§ SOURCE DATA
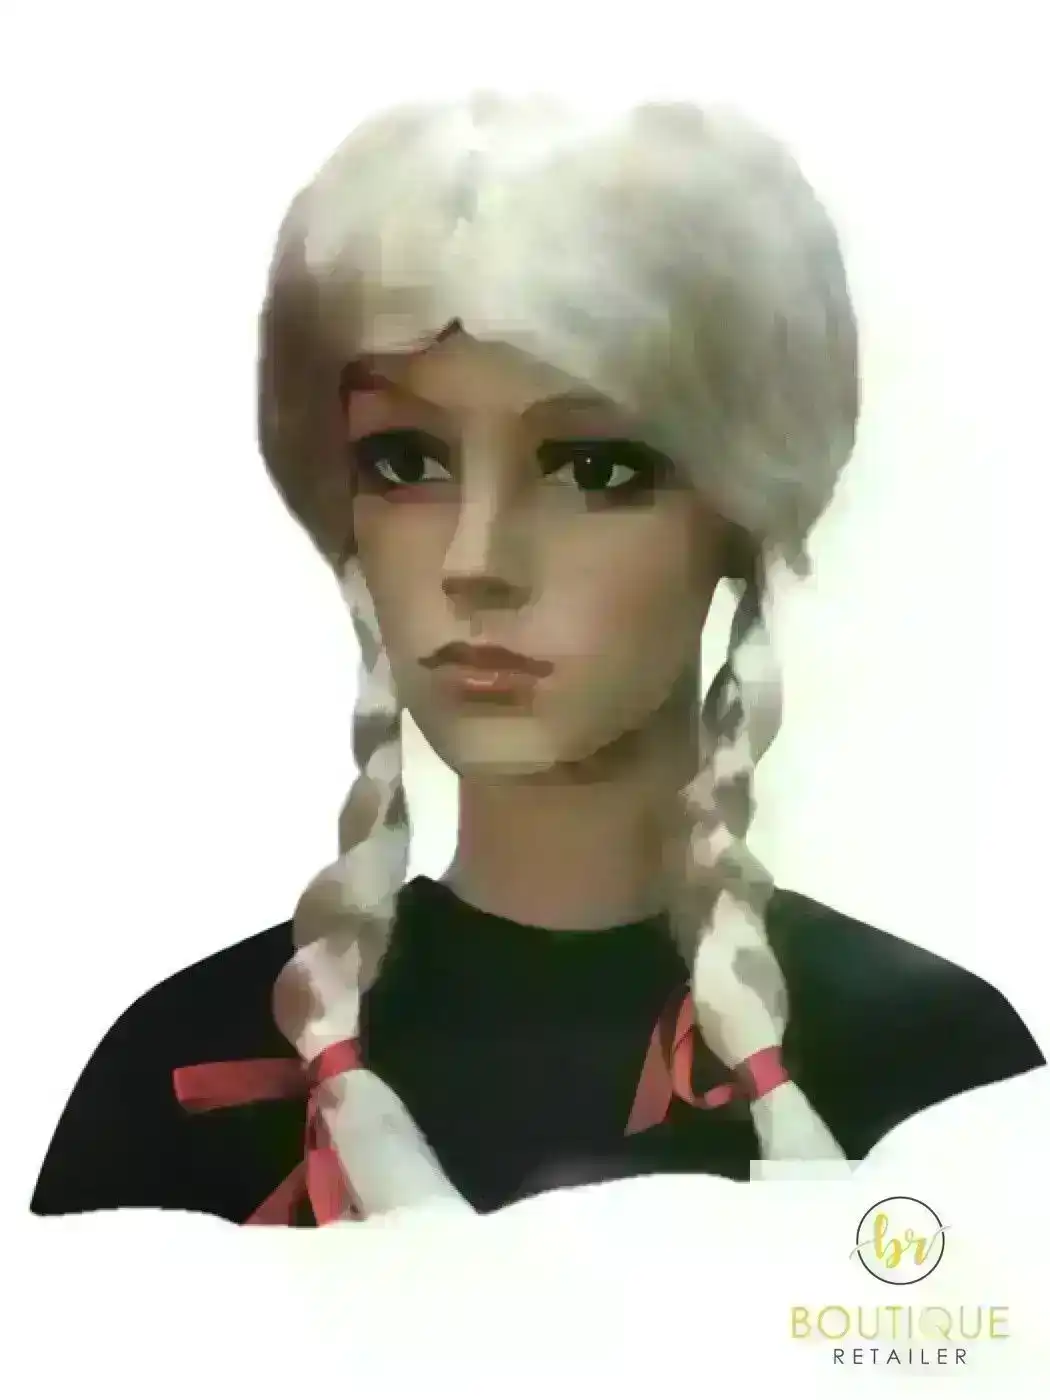 PLAITED WIG Braided Costume Party Hair Schoolgirl Dress Up School - Blonde
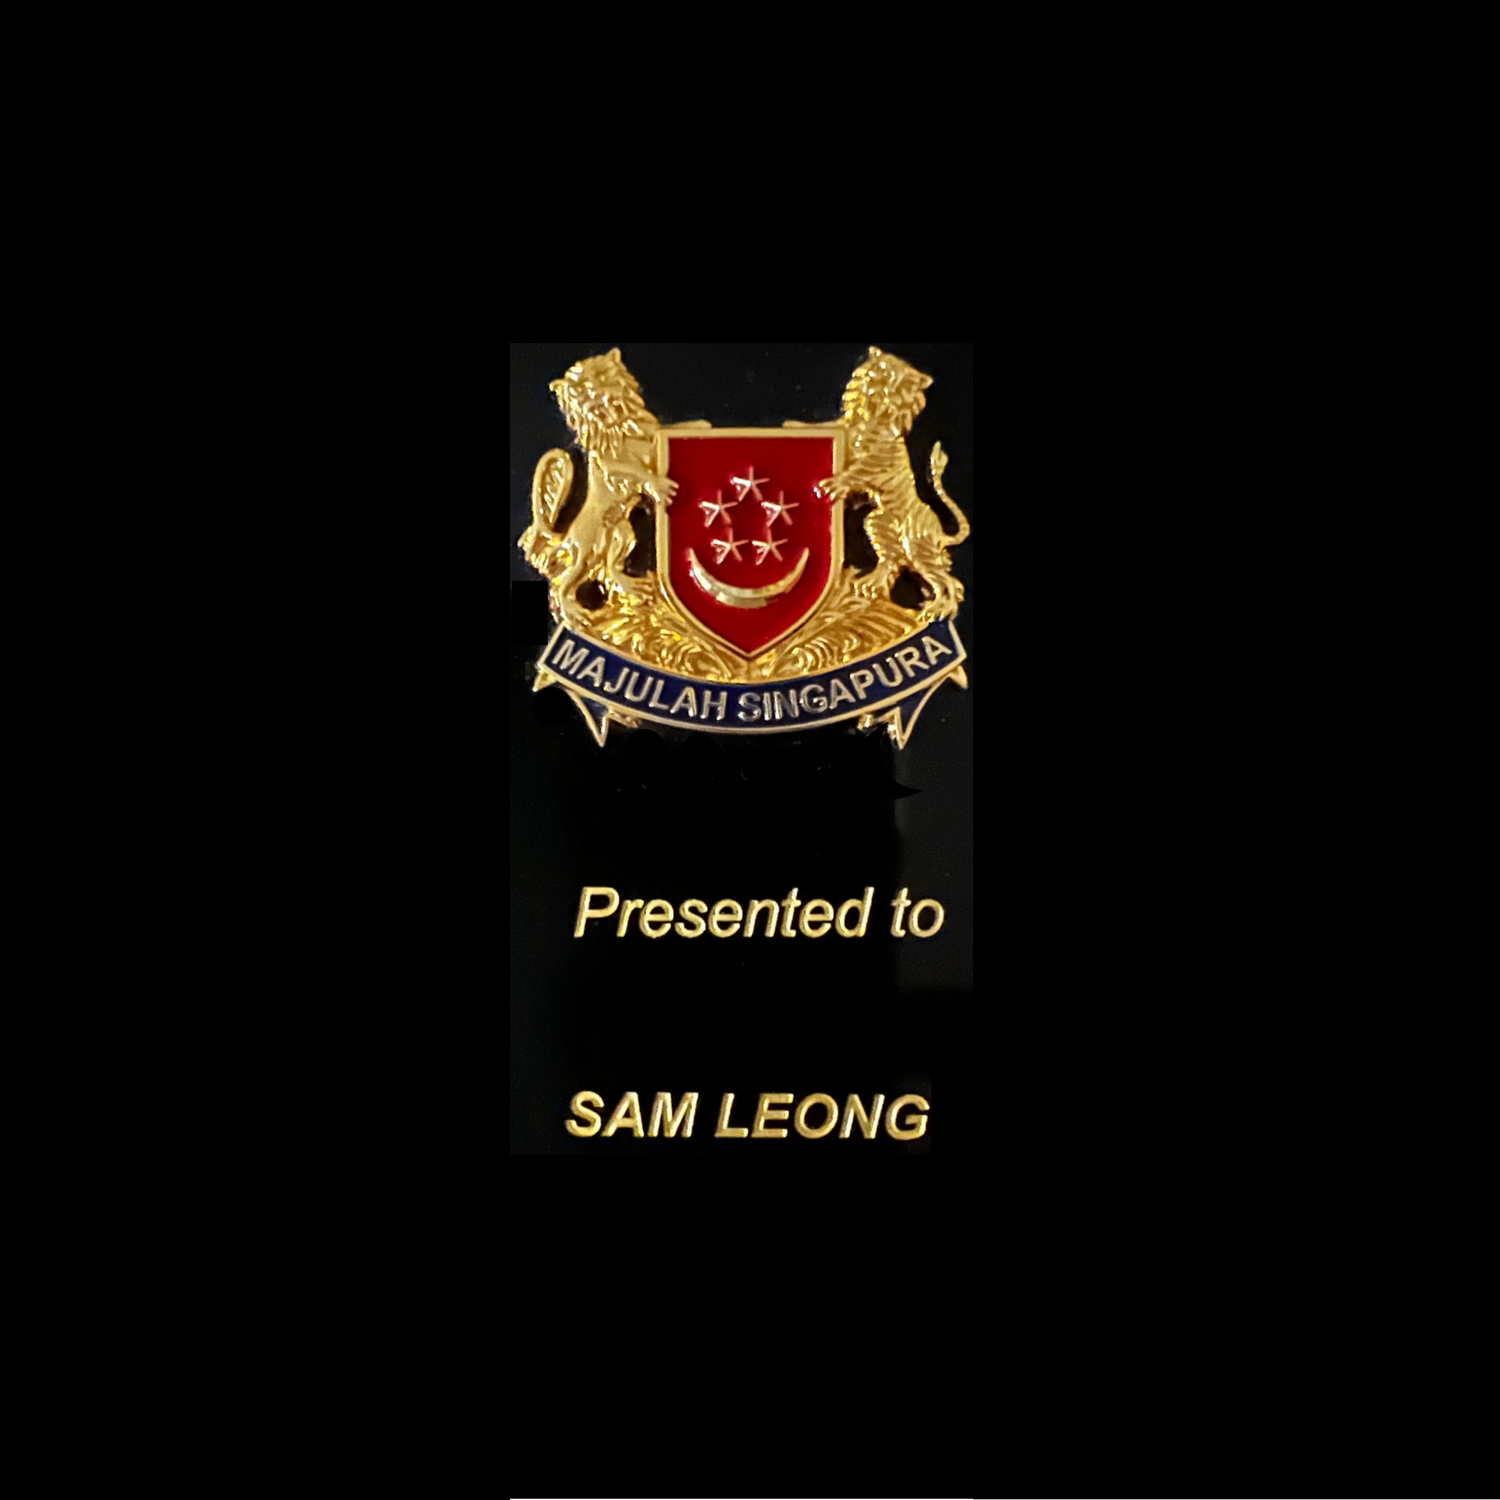 Presented SAM LEONG
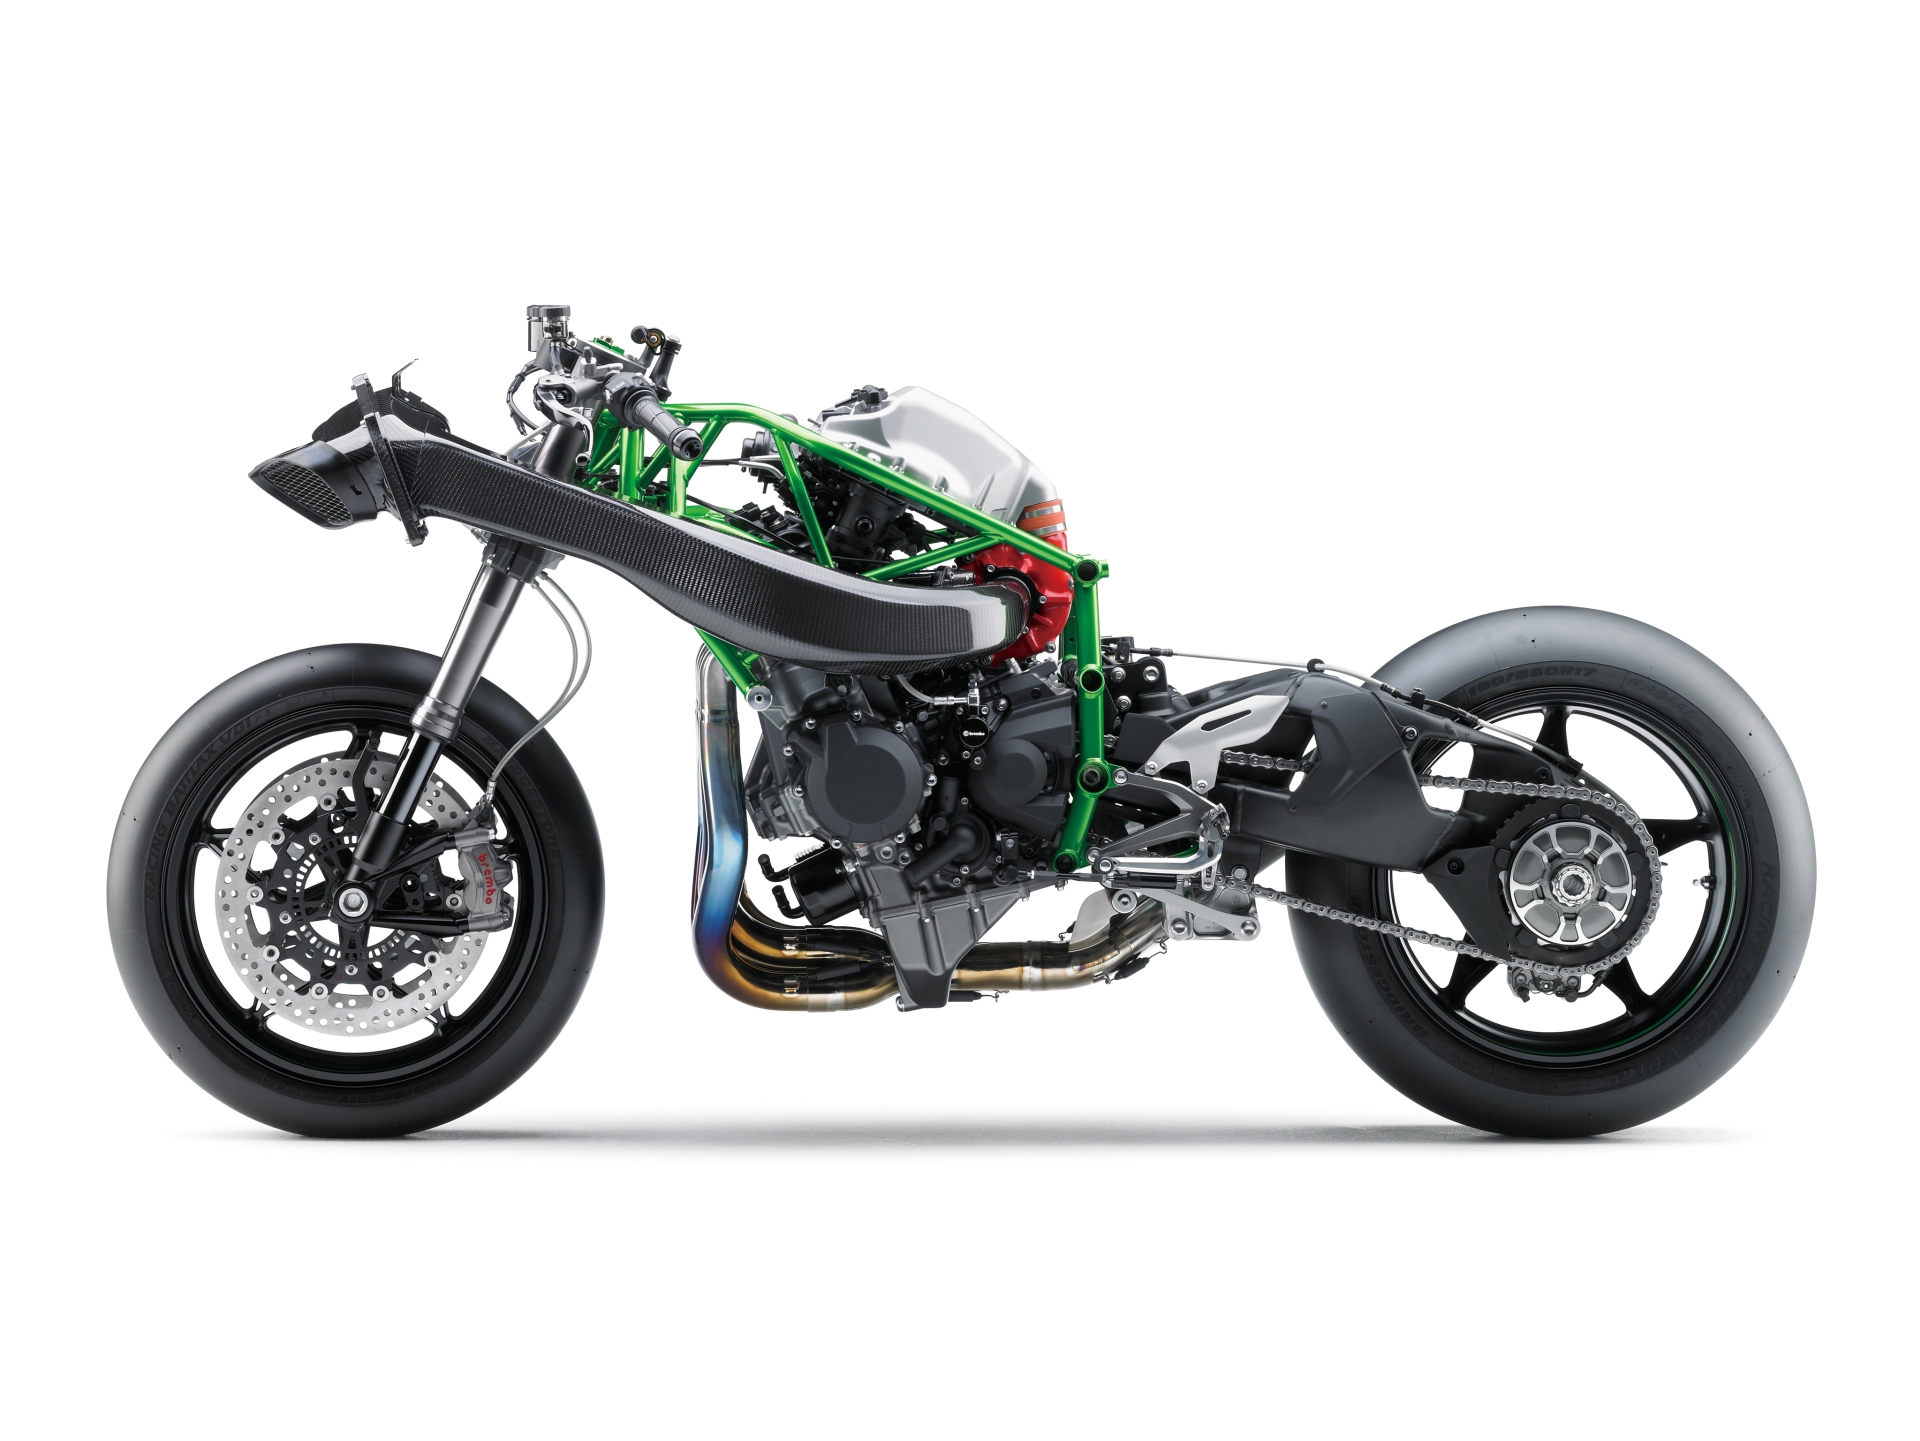 Strålende Tanke fumle Kawasaki Ninja H2 and H2R Prices Confirmed - autoevolution
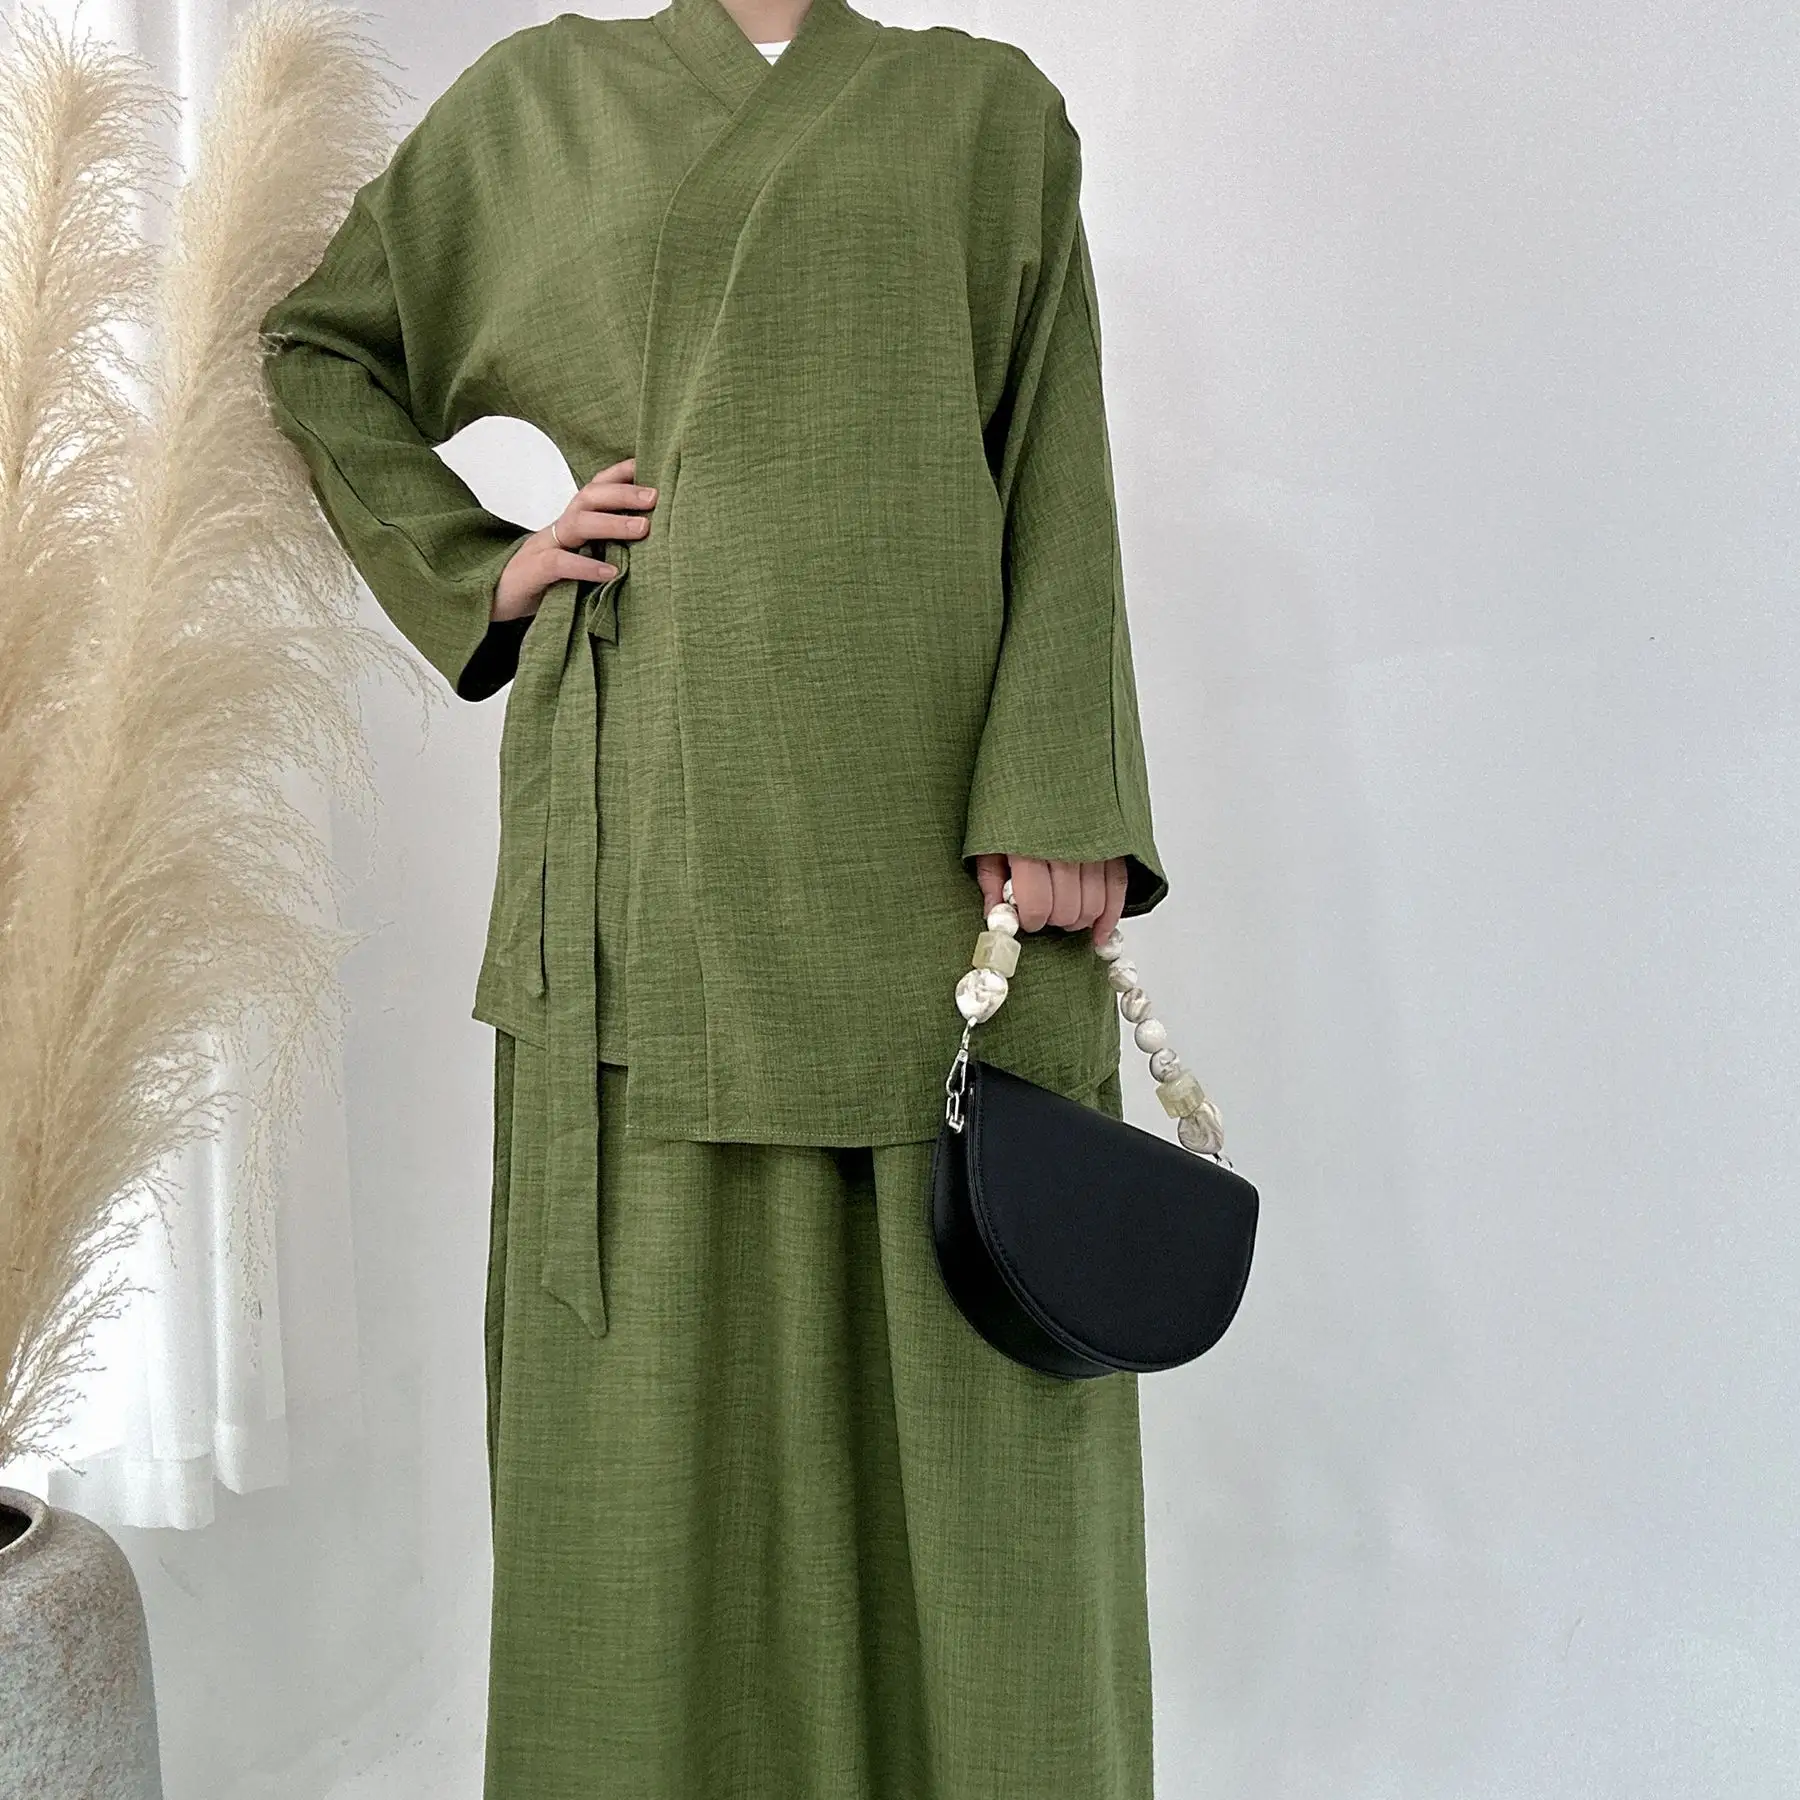 Muslim Women Prayer Clothing Islamic Clothing V-Neck Suit Casual Tie Middle East Dubai Top Half Skirt 2 Piece Set 7169

§ WHAT IS NEEDED
Restate each line from the start of the listing through the line bearing "Strålende Tanke fumle" word for word. Drop the pictures.

§ WRITTEN ANSWER
 PLAITED WIG Braided Costume Party Hair Schoolgirl Dress Up School - Blonde
 Presented SAM LEONG
 Strålende Tanke fumle Kawasaki Ninja H2 and H2R Prices Confirmed - autoevolution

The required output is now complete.